By the time his cigarette pack's empty and the ashtray's just about overflowing, he knows two things. First, he's not saying a damn word about any of this to Julia. And second, it's time to start living like there's no tomorrow because for all he knows, there isn't and it's all just a dream and he'll wake up dead back in 2071. The last bit of smoke rises from his last cigarette, not fully extinguished, as he pushes back and leaves the business center behind. He's got a lot of thinking to do.

July 26, 2074

I will crush you
She'd liberated a number of melons from the kitchens earlier this morning, and now they form the heads of a small army of rock men that dot her arena, surrounding her in concentric circles: a few leer down from the makeshift stands.  She stands in the middle, Aang's glider in her hand, and taps out a slow beat on the rock beneath her feet before springing into action.

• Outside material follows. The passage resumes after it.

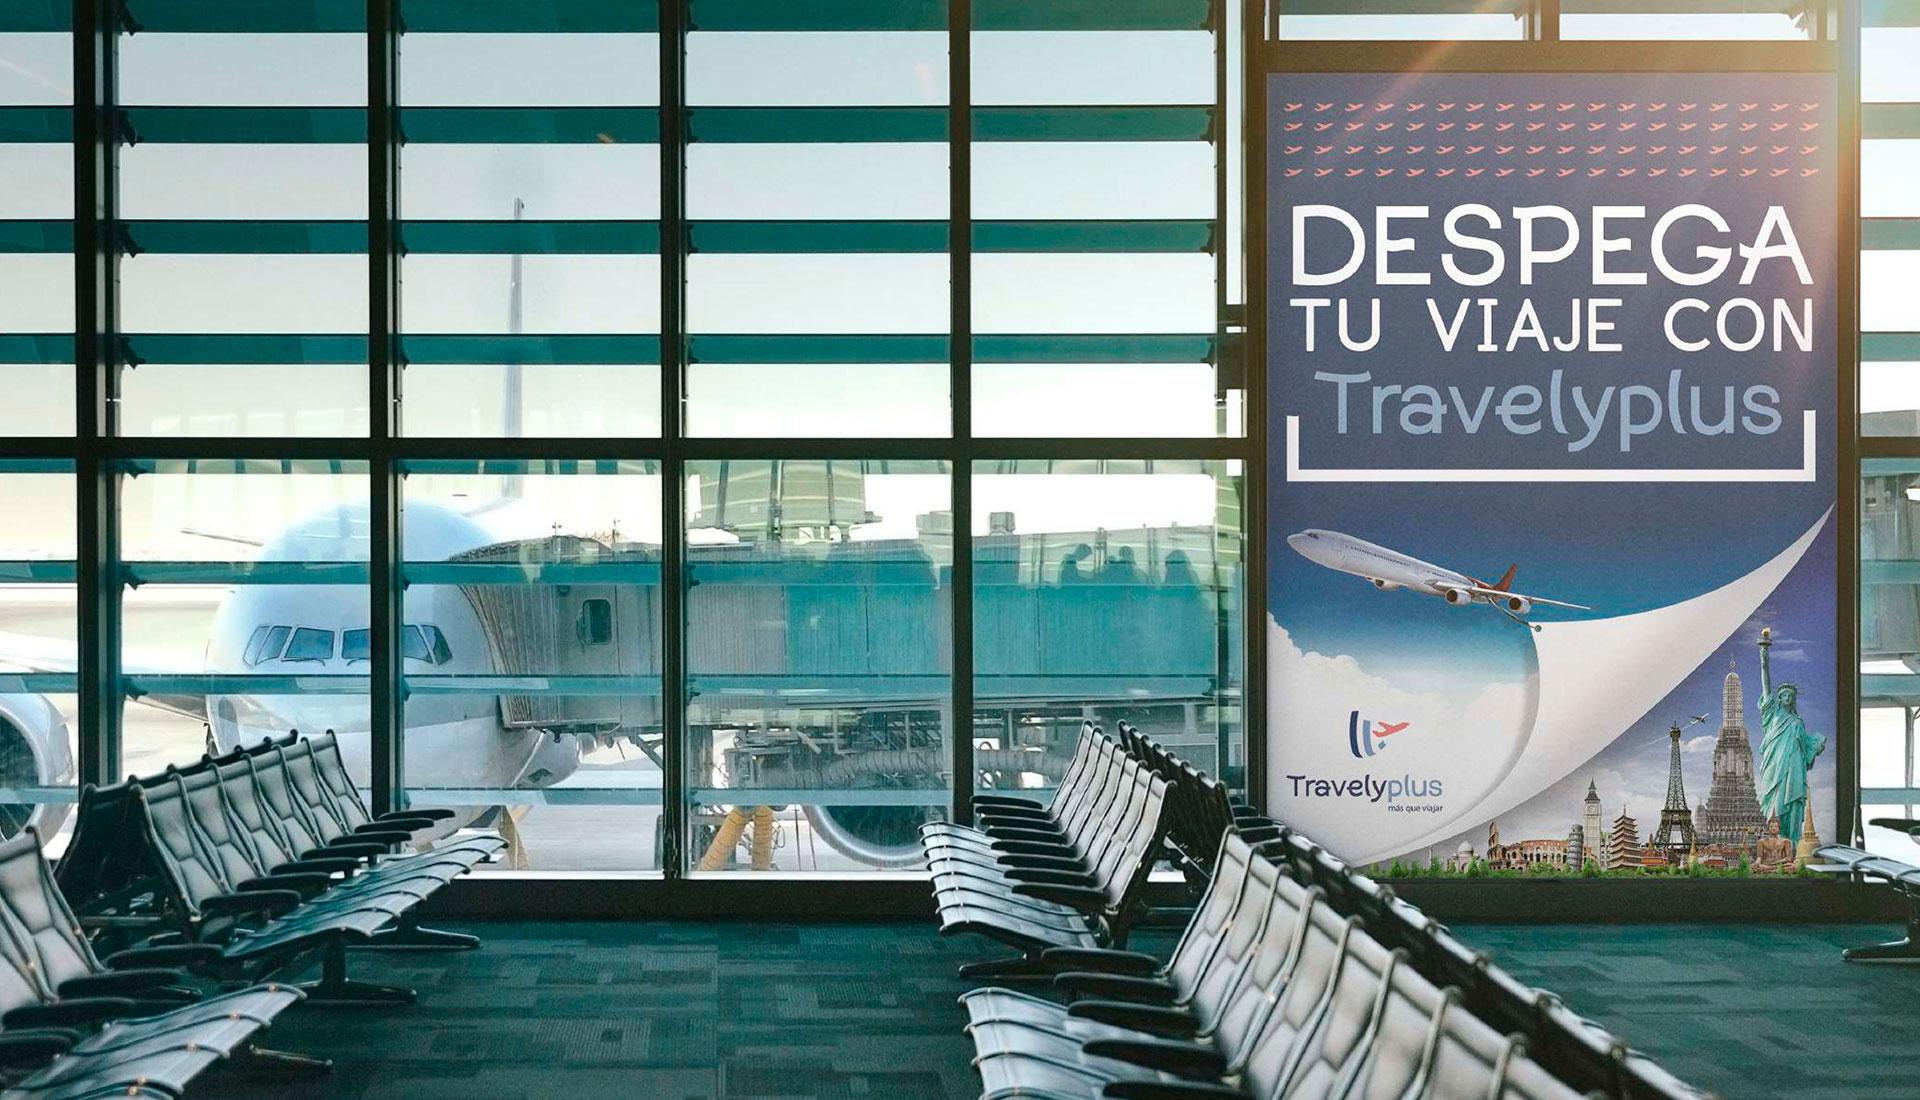 agencia-publicidad-identidad-corporativa-branding-marketing-agencia-viajes-valencia-09

The men on the flat steps leading out of the arena lift as though surfing a massive wave: one after the other they rise and fall as the ground curves beneath their stone legs: the stairs shudder, flatten together, break apart, sending them crumbling.  In the arena itself, pillars of rock shoot from the ground in sequence, knocking more men upwards and backwards; thick slices of stone with wickedly sharp edges finish them off.

With a wild yell, she beats about herself with the staff, whirling in a cloud of dust and pebbles: finally, only one stone man is left, melon head awkward atop his rock shoulders.

"So," she says, facing it, eyes narrowed, a tiny warlord surrounded by the detritus of battle.  "We meet again, Melon Lord.  For the last time."  The staff drops, bounces on the ground, unnecessary and forgotten.

Those melons really do make such a satisfying sound when crushed.

November 16th, 2010

(no subject)

Call it what you like: she's a growing girl, she's active every day, she needs vitamins and proteins and vegetable matter in order to build muscle and stay healthy -- however you want to say it, Toph is hungry all the time.

It's down to Vincent (how is Vincent? She reminds herself to look him up, now that she's back) that she can now pick and choose what she wants from the menu instead of stubbornly shoving everything she's randomly ordered into her mouth regardless of taste and texture, but even the restaurant has lost a little of its shine for her now. It's too quiet, the tables have too glossy a feel, the touchscreens still work inefficiently and they take forever to read through the various options. Most days, she still picks something at random, just to shut the pleasant robot voice up.

It's providential, then, how (after being rudely awoken from a mid-afternoon pre late-afternoon nap by a rumbling, crunching sound that resolves itself into a groundshaking shudder of which even she would be proud) she steps outside to find the ground covered in squishy little articles which have apparently fallen from the sky, and a dispatch of robots humming around, picking them up.

Reaching down, she picks one up, sniffs it: it's earthy and spongy and she's pretty sure it's a mushroom, but unless this universe is a million times weirder than she's noticed so far, mushrooms come from the ground, not from the sky.

But it certainly smells like a mushroom, and, popping it into her mouth and chewing experimentally, she has to admit that it also tastes like one. In fact, it tastes pretty amazing, and she leaps forward, spreading her ten fingers out in front of her to shake the robots off the ground. As they attempt, servos and gears whining, to get up, she busies herself with her own little harvest.

Later on, after her stomach growls alarmingly and she wakes up to find herself spread-eagled in the grass at a time that feels like three in the morning, giggling like an idiot and with what she suspects is chalk streaked over her face like warpaint, she wishes she'd left the stupid robots well enough alone.